[Work to be completed]
Below are records to repeat exactly; copy them without the pictures.

** Data shown follows **

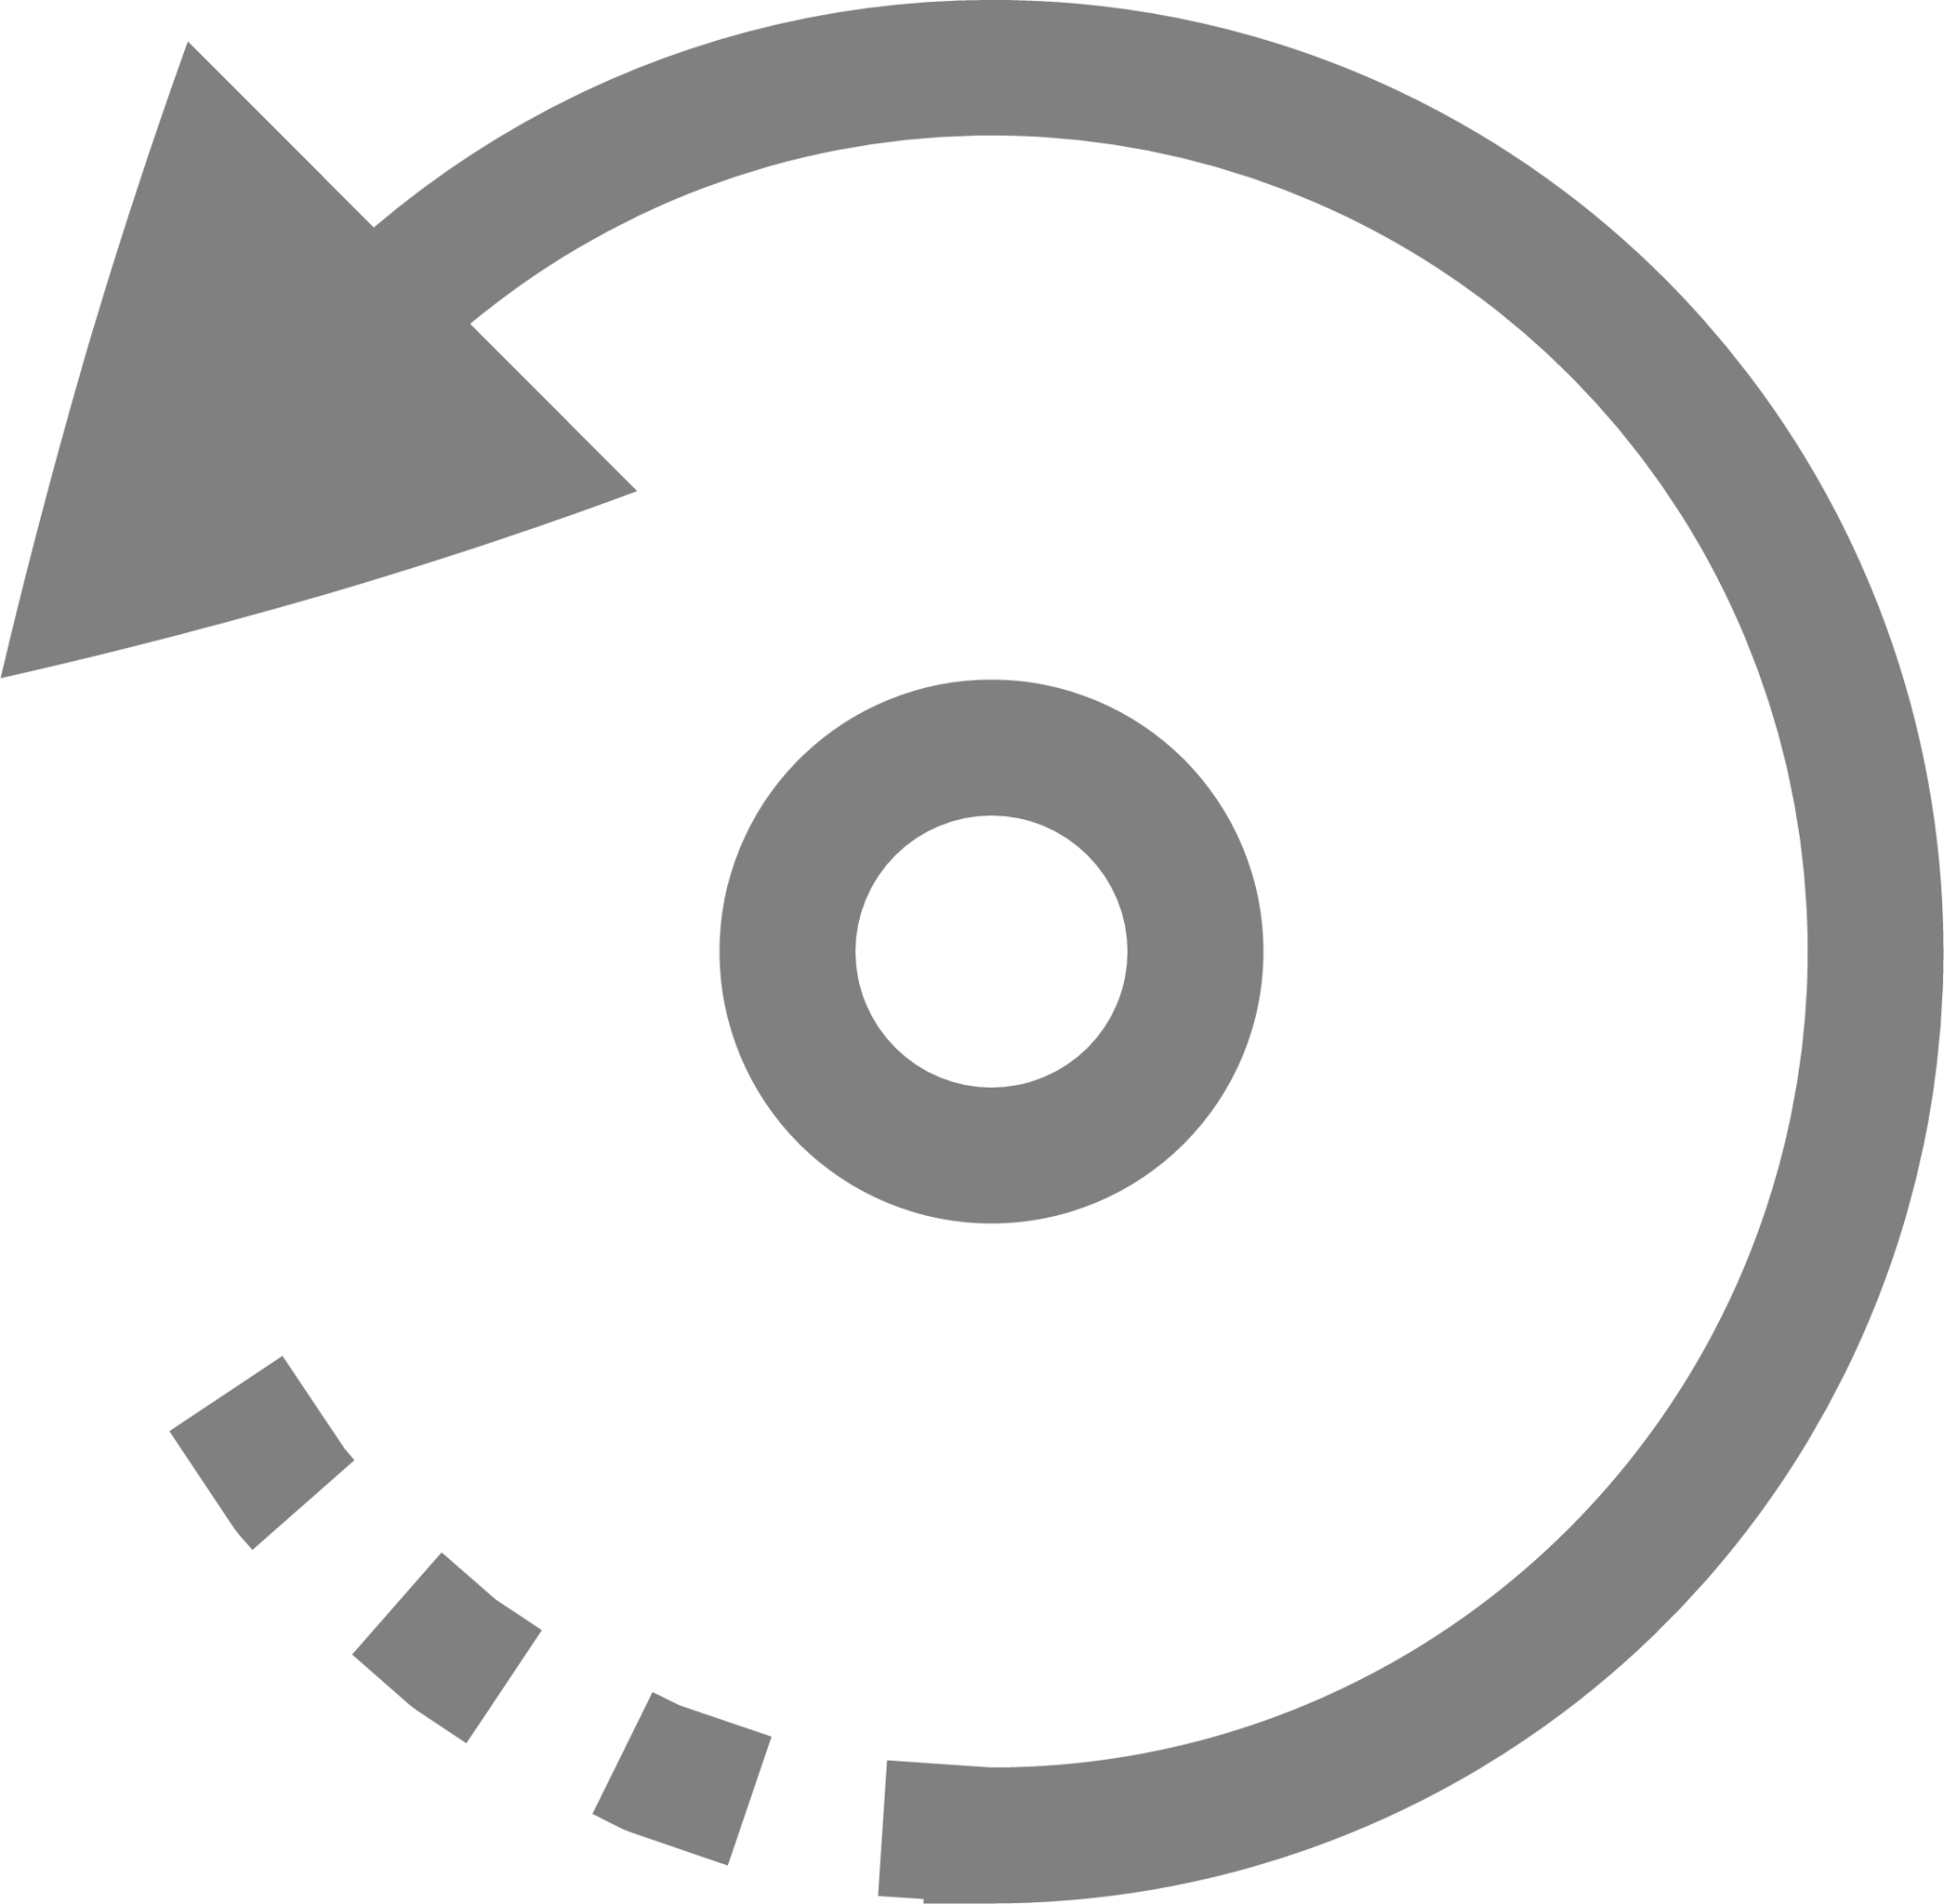 object rotate left symbolic icon
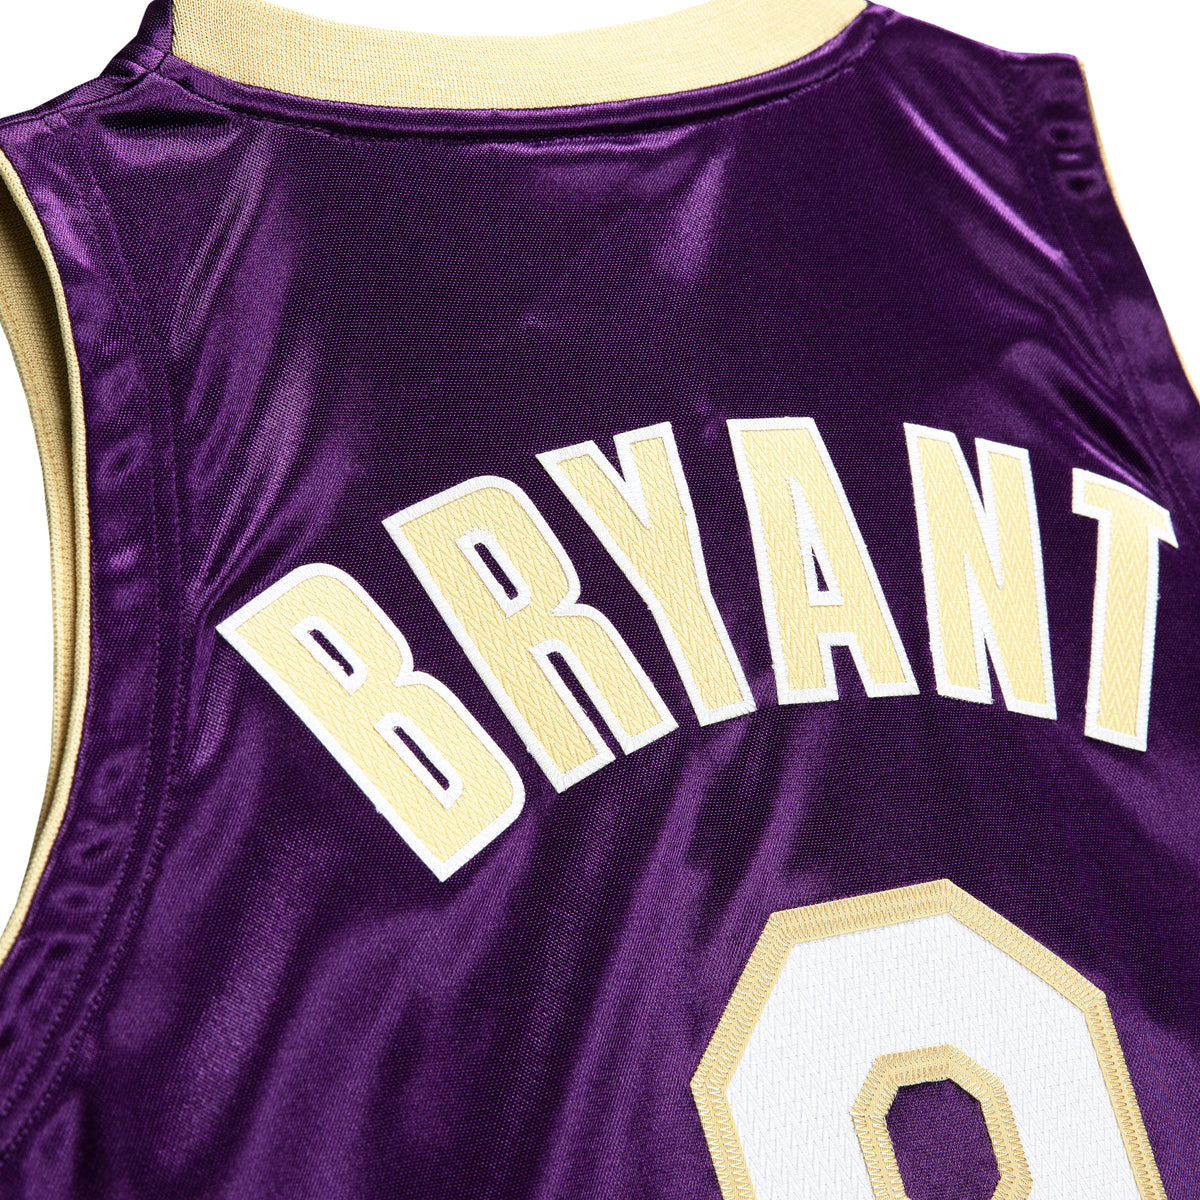 Kobe Bryant #8 Los Angeles Lakers Nike Black '57 Jersey Youth LARGE
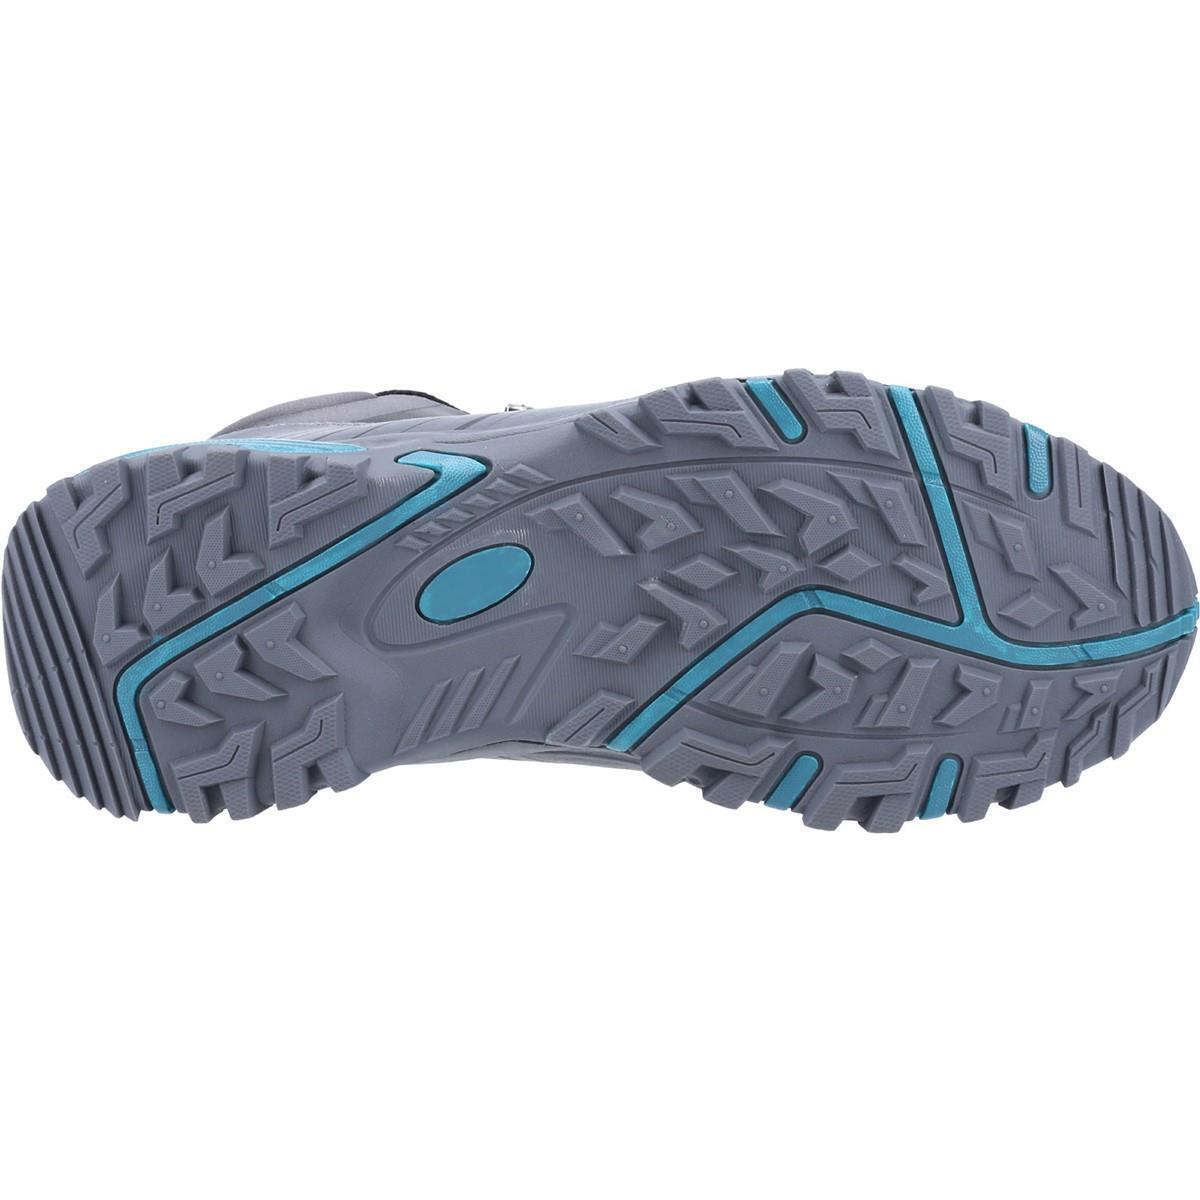 Womens/Ladies Wychwood Hiking Boots (Grey/Blue) 4/5
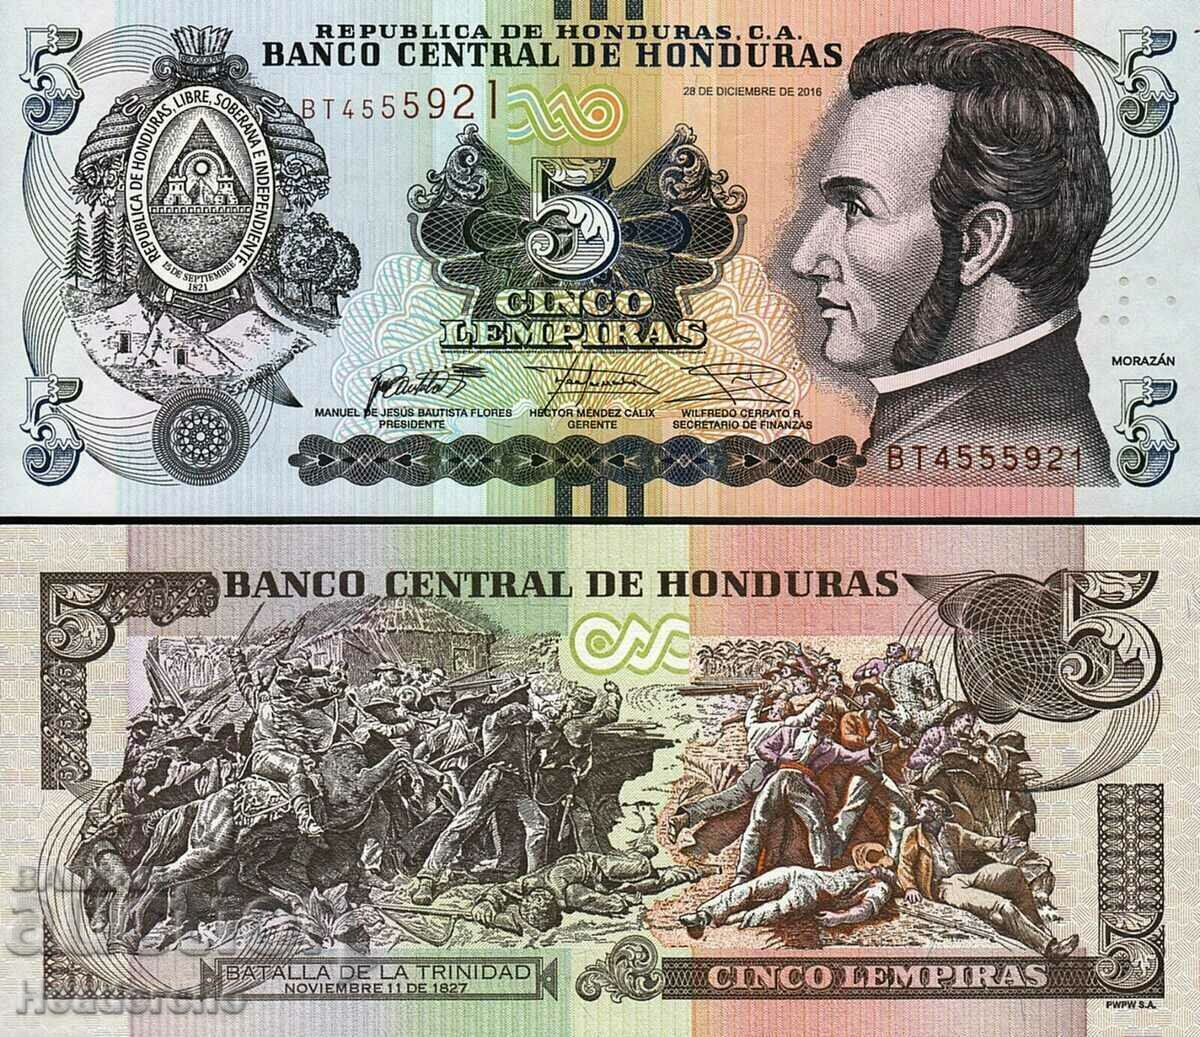 Lot of banknotes Ce͟n͟t͟r͟a͟l͟n͟a͟ i͟ Yu͟zh͟n͟a͟ A͟m͟e͟r͟i͟k͟a͟ -
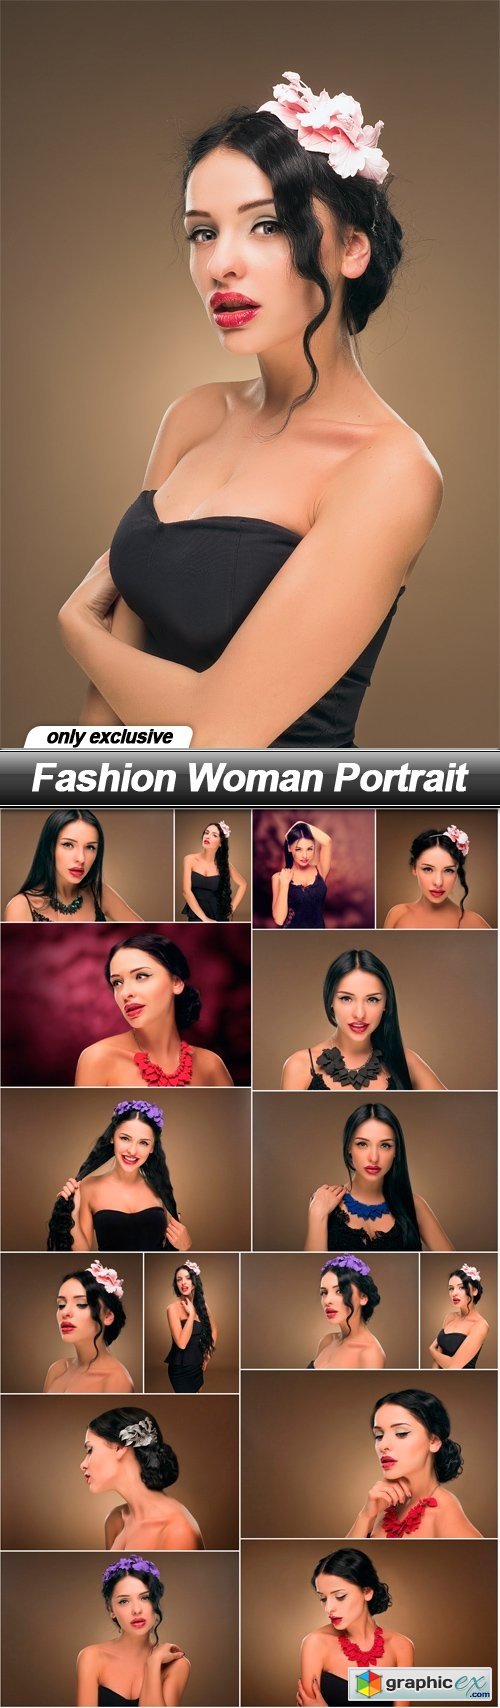 Fashion Woman Portrait - 16 UHQ JPEG

** End of Data shown **

[Reply]
 object rotate left symbolic icon
 Kobe Bryant #8 Los Angeles Lakers Nike Black '57 Jersey Youth LARGE
 Womens/Ladies Wychwood Hiking Boots (Grey/Blue) 4/5
 Lot of banknotes Ce͟n͟t͟r͟a͟l͟n͟a͟ i͟ Yu͟zh͟n͟a͟ A͟m͟e͟r͟i͟k͟a͟ -
 Fashion Woman Portrait - 16 UHQ JPEG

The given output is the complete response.